Heaven, My Home (Highway 59 #2) by Attica Locke: Review

Today is release day for Heaven, My Home by Attica Locke. Absolutely no one is going to be surprised by me saying that I loved this story. Locke writes stories featuring places I know and characters who feel like home for me. There is nothing better for me as a reader than experiencing a story where I recognize the wholeness of the kind of people the characters represent. Attica Locke has given me that gift in every book that she has written.

In this installment the disappearance of a young boy with ties to the Aryan Brotherhood of Texas is the dilemma that drives the story. However Locke, as always, makes this simple mystery much more expansive.

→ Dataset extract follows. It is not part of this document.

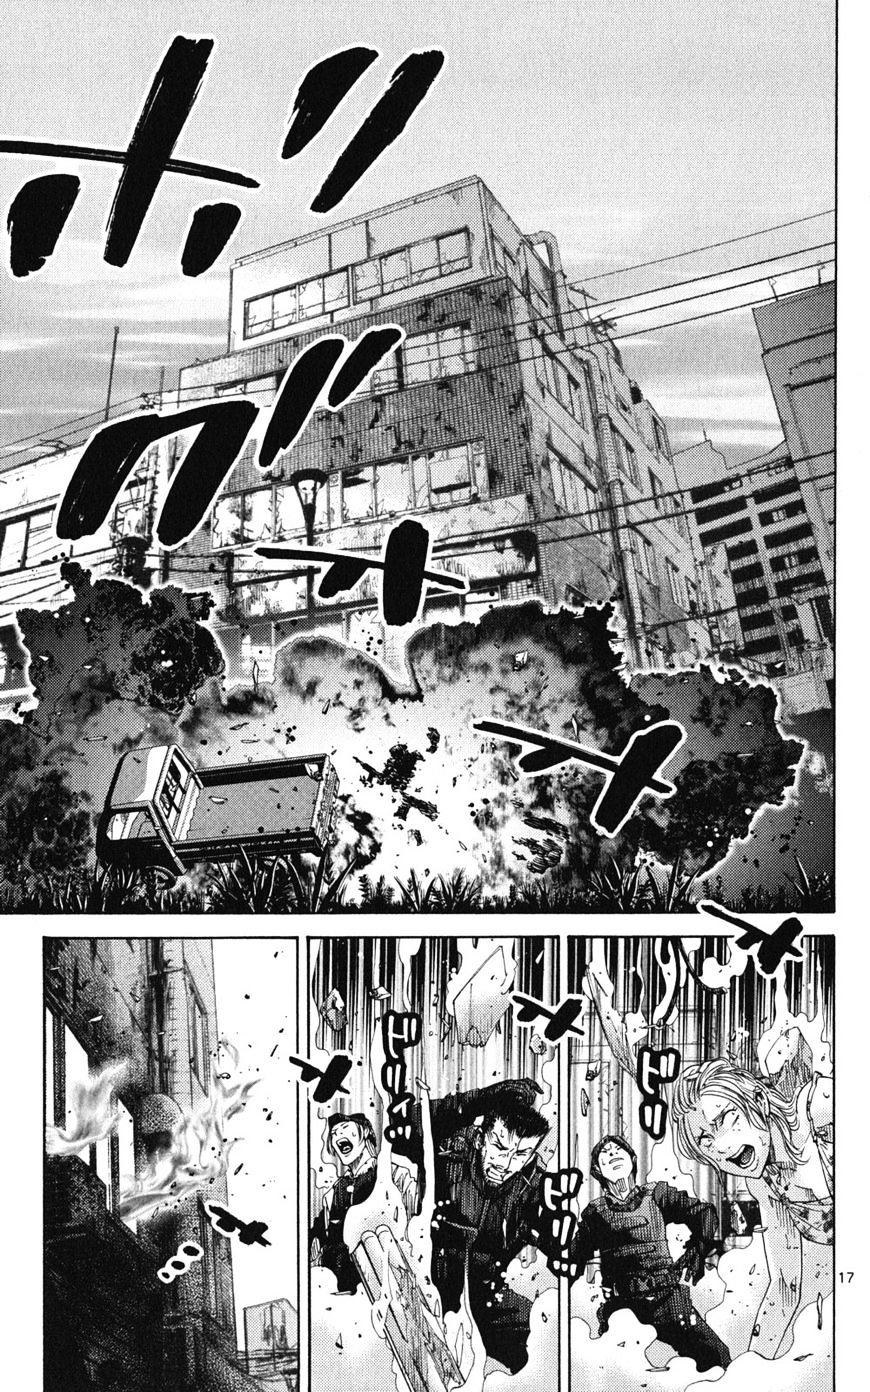 Imawa No Kuni No Alice Chapter 49.1 : Side Story 5 - King Of Spades (1) page 15 - Mangakakalot
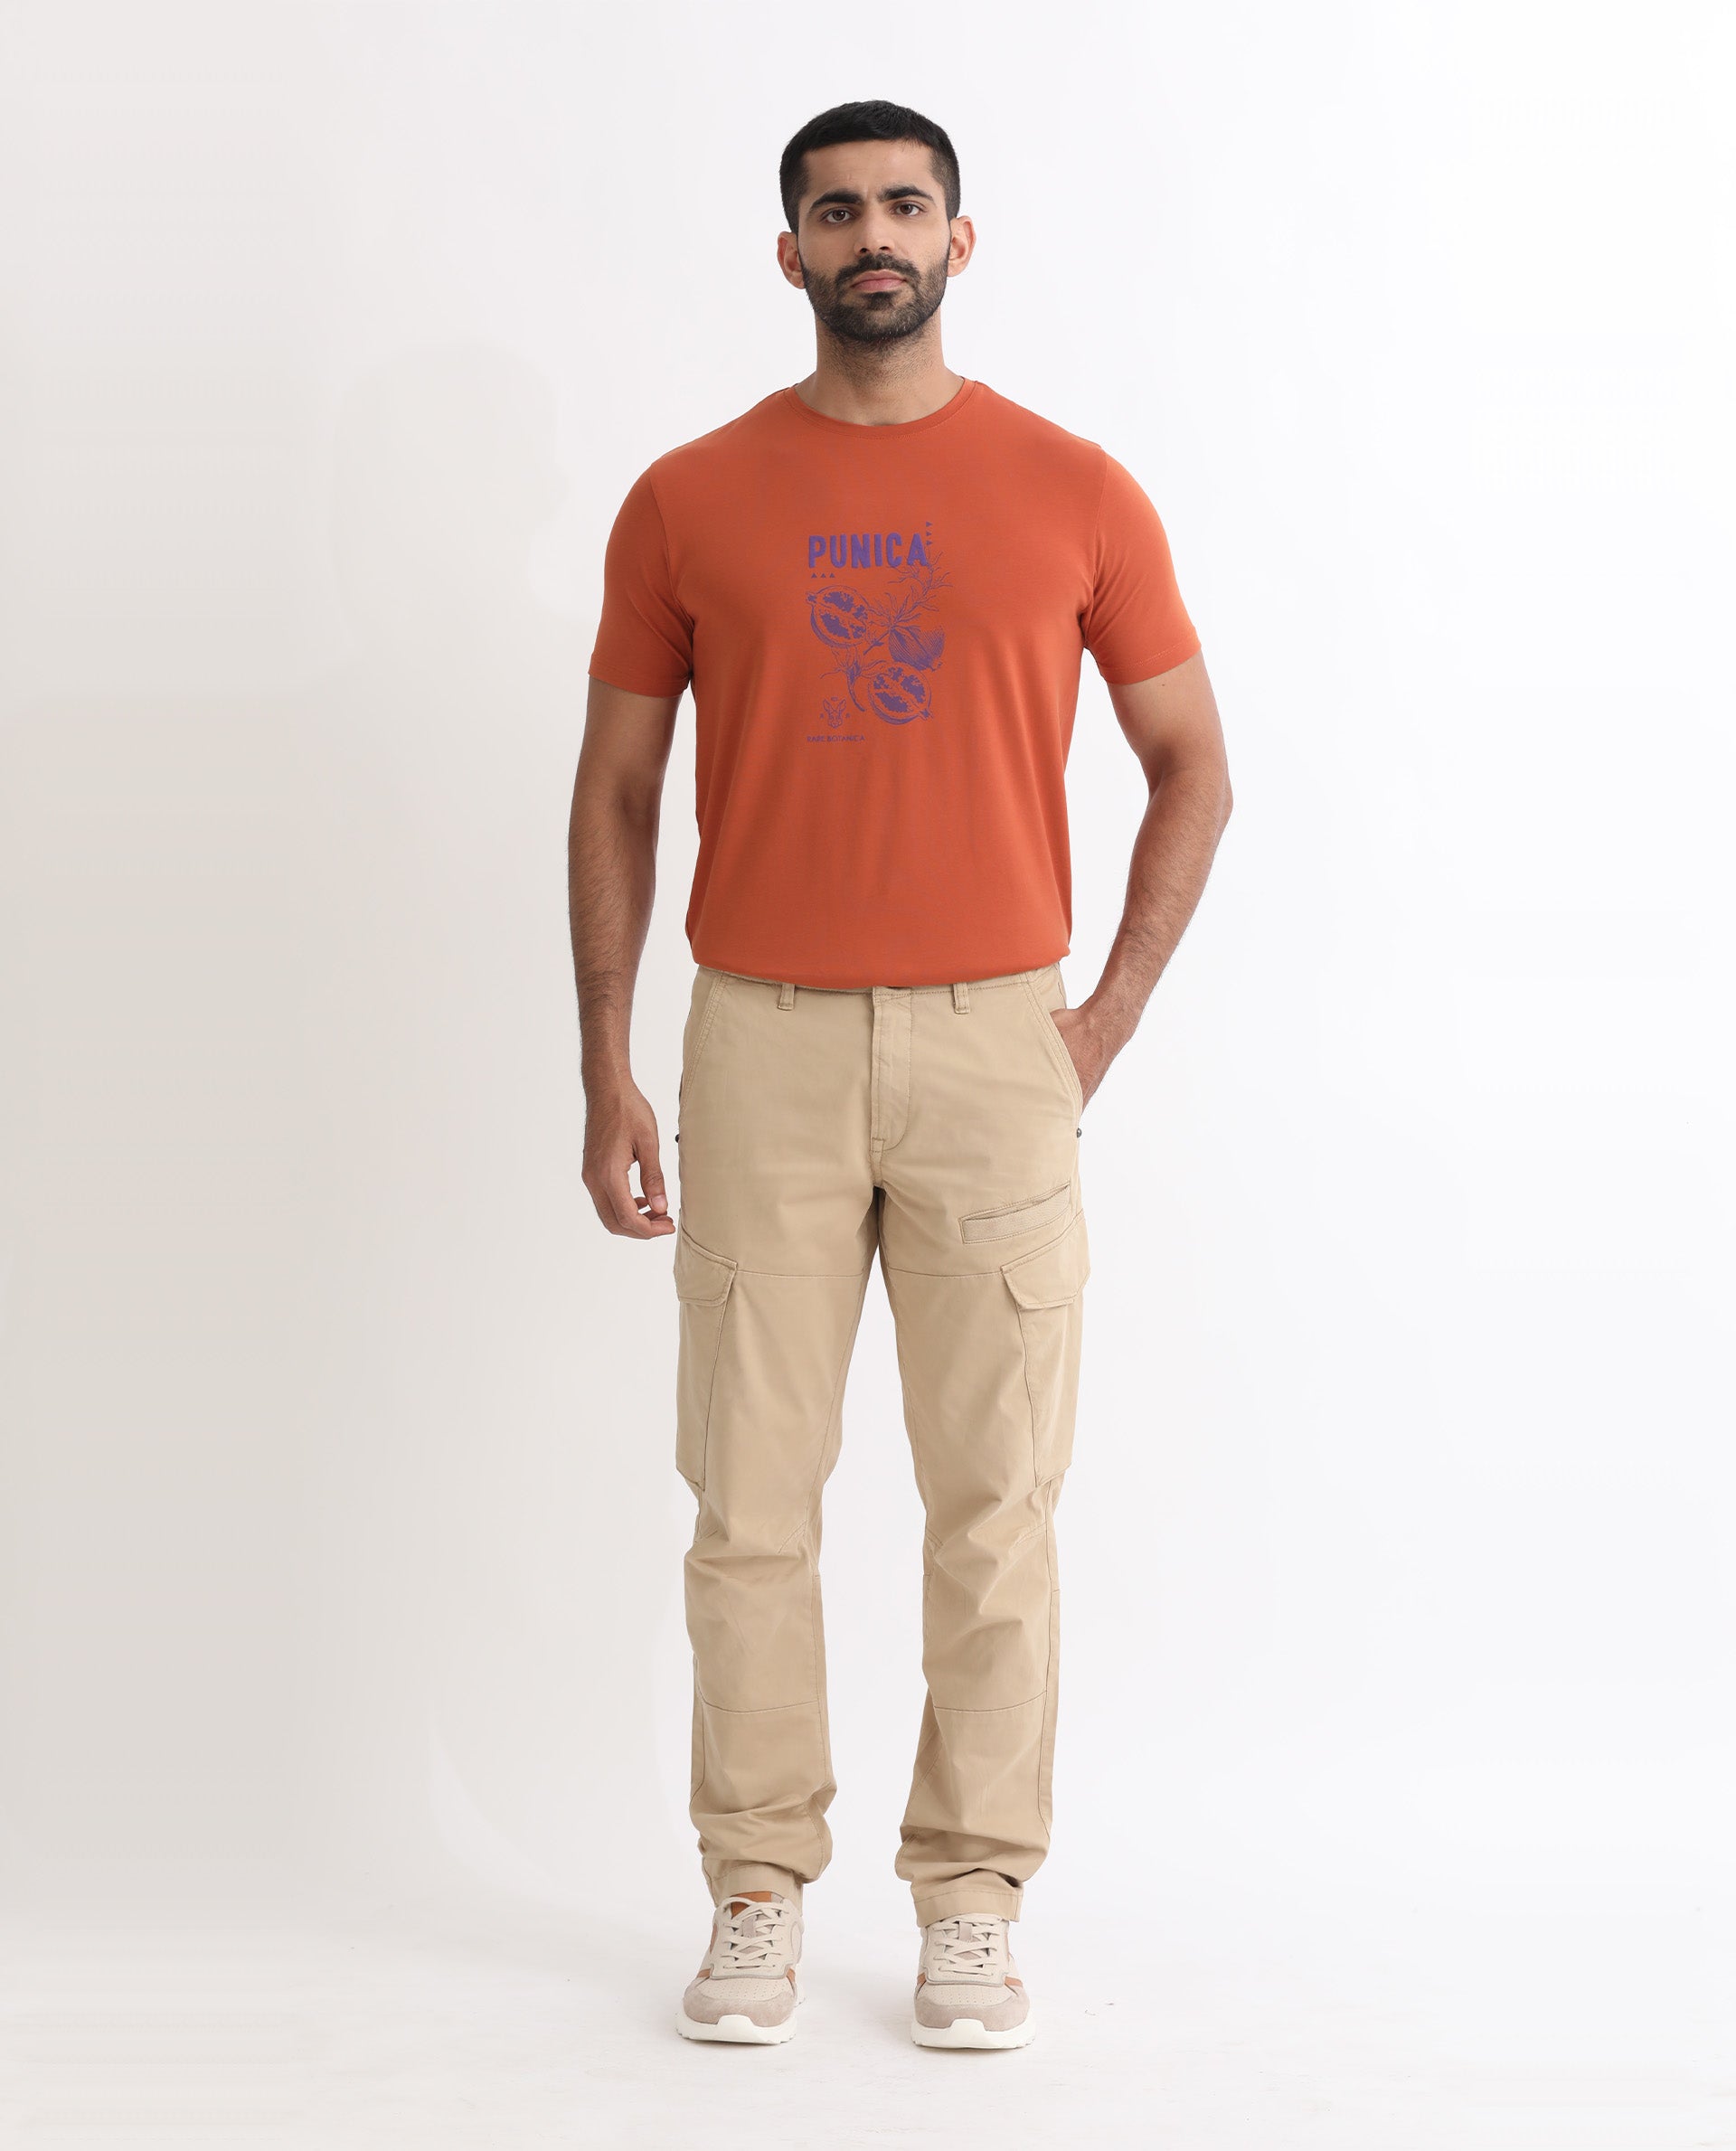 SEWING PATTERN Sew Boys Girls Clothes Clothing Tee T-Shirt Cargo Pants Teen  4198 | eBay

Darren faces the rising brazenness of the ugliest and most base natures of people who feel that by being born white they are superior when their very way of moving through the world would say otherwise. As a Texas Ranger Darren has to walk a fine line while dealing with people emboldened to behave in abhorrent ways because of what they see is being accepted by what passes as leadership in America right now; which is more than timely. Expanding on Darren's desire to stay connected to his roots, his mother's betrayal of pretty much everything that a parent should be, a marriage that is being tested when the partners no longer seem to have the same values and goals, and familial relationships that are revered but are being strained by secrets are all woven in and around the central story and it was marvelous.

Locke is one of my favorite authors and Heaven, My Home is added to my favorites list.

***I received an ARC in exchange for an honest review.***

9-year-old Levi King knew he should have left for home sooner; now he's alone in the darkness of vast Caddo Lake, in a boat whose motor just died. A sudden noise distracts him - and all goes dark.

Darren Mathews is trying to emerge from another kind of darkness; after the events of his previous investigation, his marriage is in a precarious state of re-building, and his career and reputation lie in the hands of his mother, who's never exactly had his best interests at heart. Now she holds the key to his freedom, and she's not above a little maternal blackmail to press her advantage.

An unlikely possibility of rescue arrives in the form of a case down Highway 59, in a small lakeside town where the local economy thrives on nostalgia for ante-bellum Texas - and some of the era's racial attitudes still thrive as well. Levi's disappearance has links to Darren's last case, and to a wealthy businesswoman, the boy's grandmother, who seems more concerned about the fate of her business than that of her grandson.

Darren has to battle centuries-old suspicions and prejudices, as well as threats that have been reignited in the current political climate, as he races to find the boy, and to save himself.